Dawni Majowie wierzyli, że bóg deszczu Chaak żyje w jaskiniach i naturalnych studniach zwanych cenotami. W XVI wieku hiszpański zakonnik Diego de Landa, który został biskupem Jukatanu, wspominał w swoich publikacjach o świętej studni na Jukatanie i zostawił niesamowite opisy, m.in. jak do tej świętej studni cenote, znajdującej się na obrzeżach Chichen Itza, prowadzono dziewice, które następnie były topione.
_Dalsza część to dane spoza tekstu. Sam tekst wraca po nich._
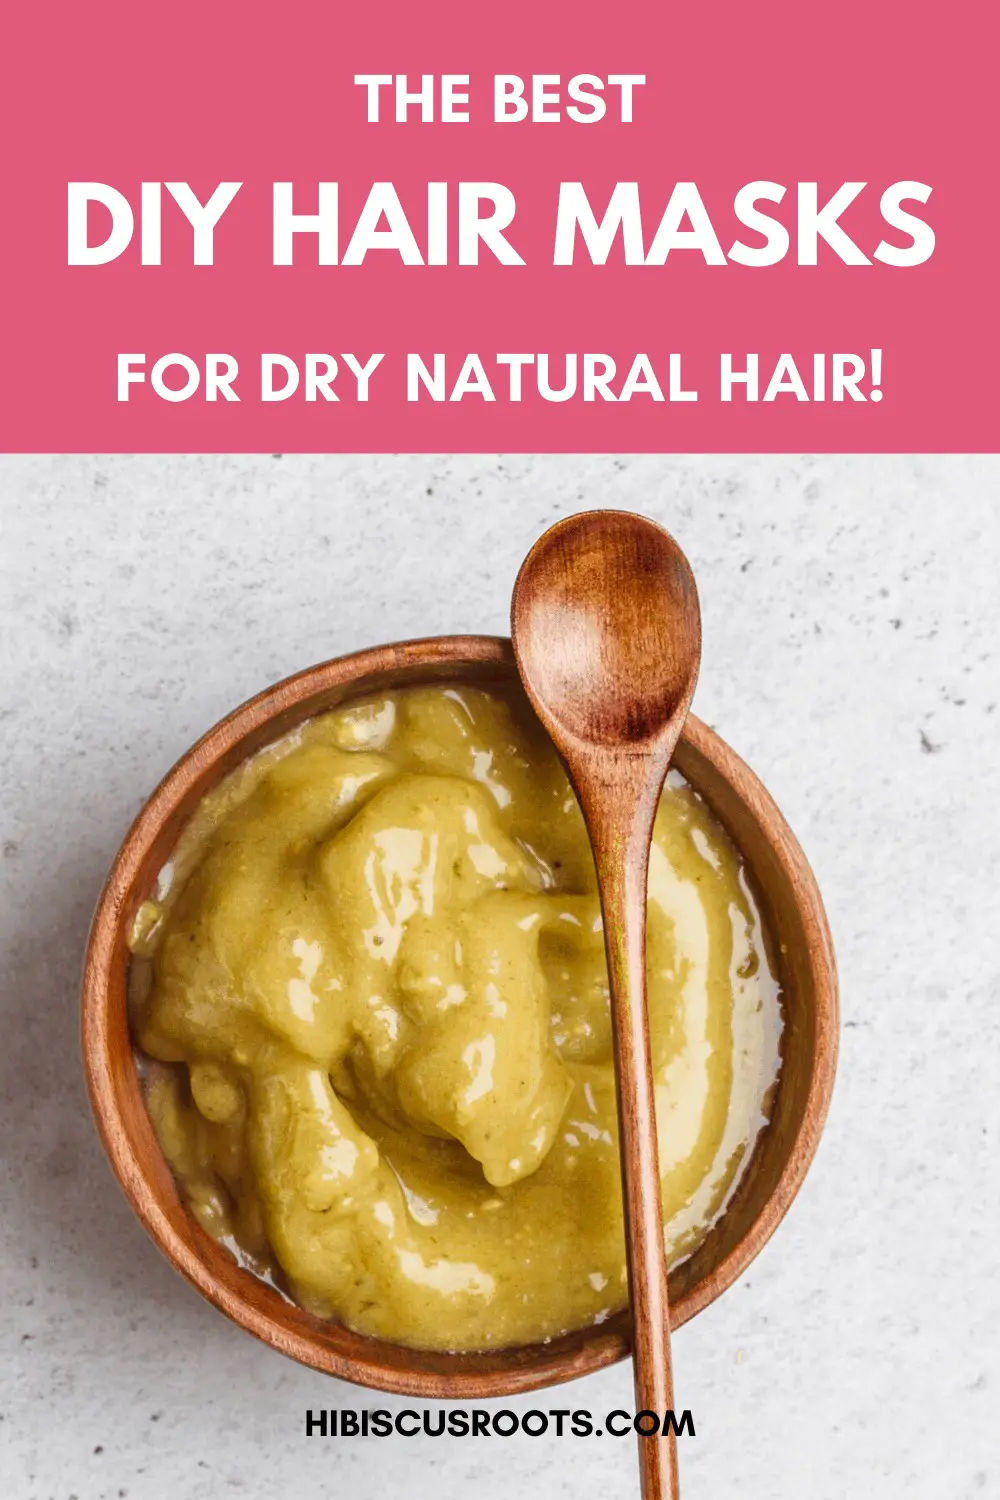 5 Diy Hair Mask Recipes For Extremely
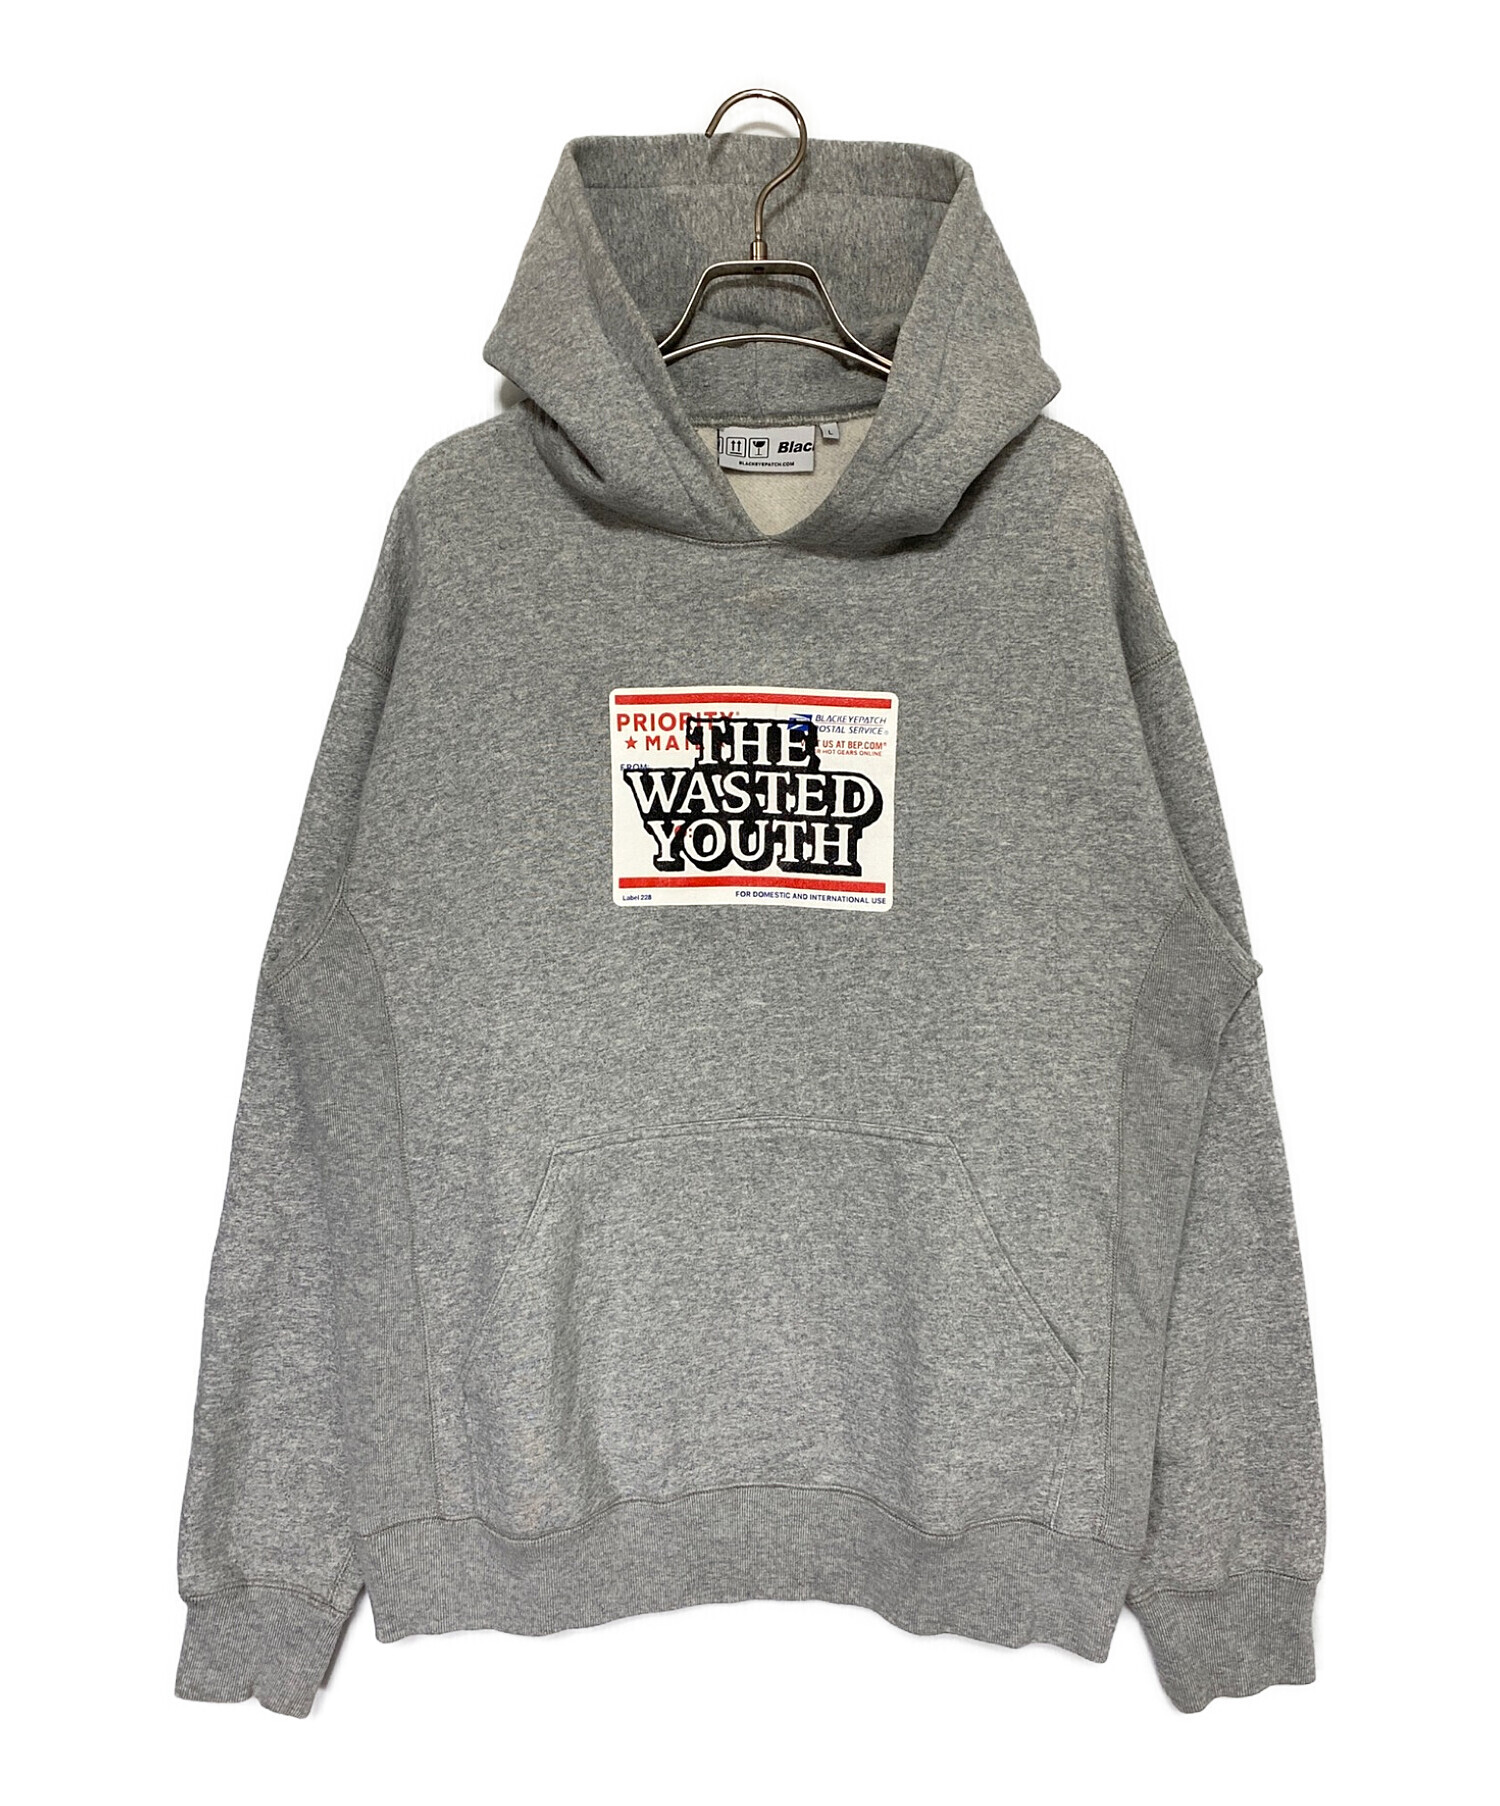 Wasted Youth PRIORITY LABEL HOODIE XL

Był to kolejny przejaw dziejowego matriarchatu, bo kiedy przeprowadzano badania archeologiczne w tej naturalnej, świętej studni, okazało się, że większość złożonych ofiar to byli mężczyźni, młodzi chłopcy i dzieci.
Co ciekawe, Kodeks Madrycki słynny, oryginalny majański dokument dotyczący wróżbiarstwa i obrzędów rytualnych zachowany do dzisiaj, a nie tak dawno odczytany, zawiera wzmiankę, że podczas rytualnego topienia, w momencie zrzucania ofiary do cenoty, Majowie wykrzykiwali zdanie, którego sami nie rozumieli, nie było ono bowiem napisane słowami języka pochodzącego z Jukatanu (języki Cholan), w którym kodeks był pisany. Na szczęście, zdanie te fonetycznie zapisał w swoich notatkach Diego de Landa i brzmiało ono… lechadashleeech. Naukowcy wpadli na rozwiązanie dopiero po zakończeniu kariery Adama Małysza, bo przypadkowo archeolog usłyszał polskiego komentatora sportowego krzyczącego Leć Adaś Leeeć! Tylko skąd Majowie w VIII-XIII w. mogli znać i używać tego okrzyku? Na te pytanie świat naukowy nie potrafi, jak na razie, znaleźć odpowiedzi.
My mamy łatwiej, zapytaliśmy Gonza, skąd te „Leć Adaś leeeć”? I to było pytanie w punkt, bo inkryminowany spalił raka, co jest u niego wyrazem najwyższego zakłopotania, bo zwykle pali papierosy i powiedział: nie wiem, wyrwało mi się, zawsze krzyczałem „O kurrwaaaa”. Przepraszam.
A cenota w Chichen Itza wygląda tak:
Jak widać, było gdzie lecieć. Ciekawe, czy przyznawano noty za styl?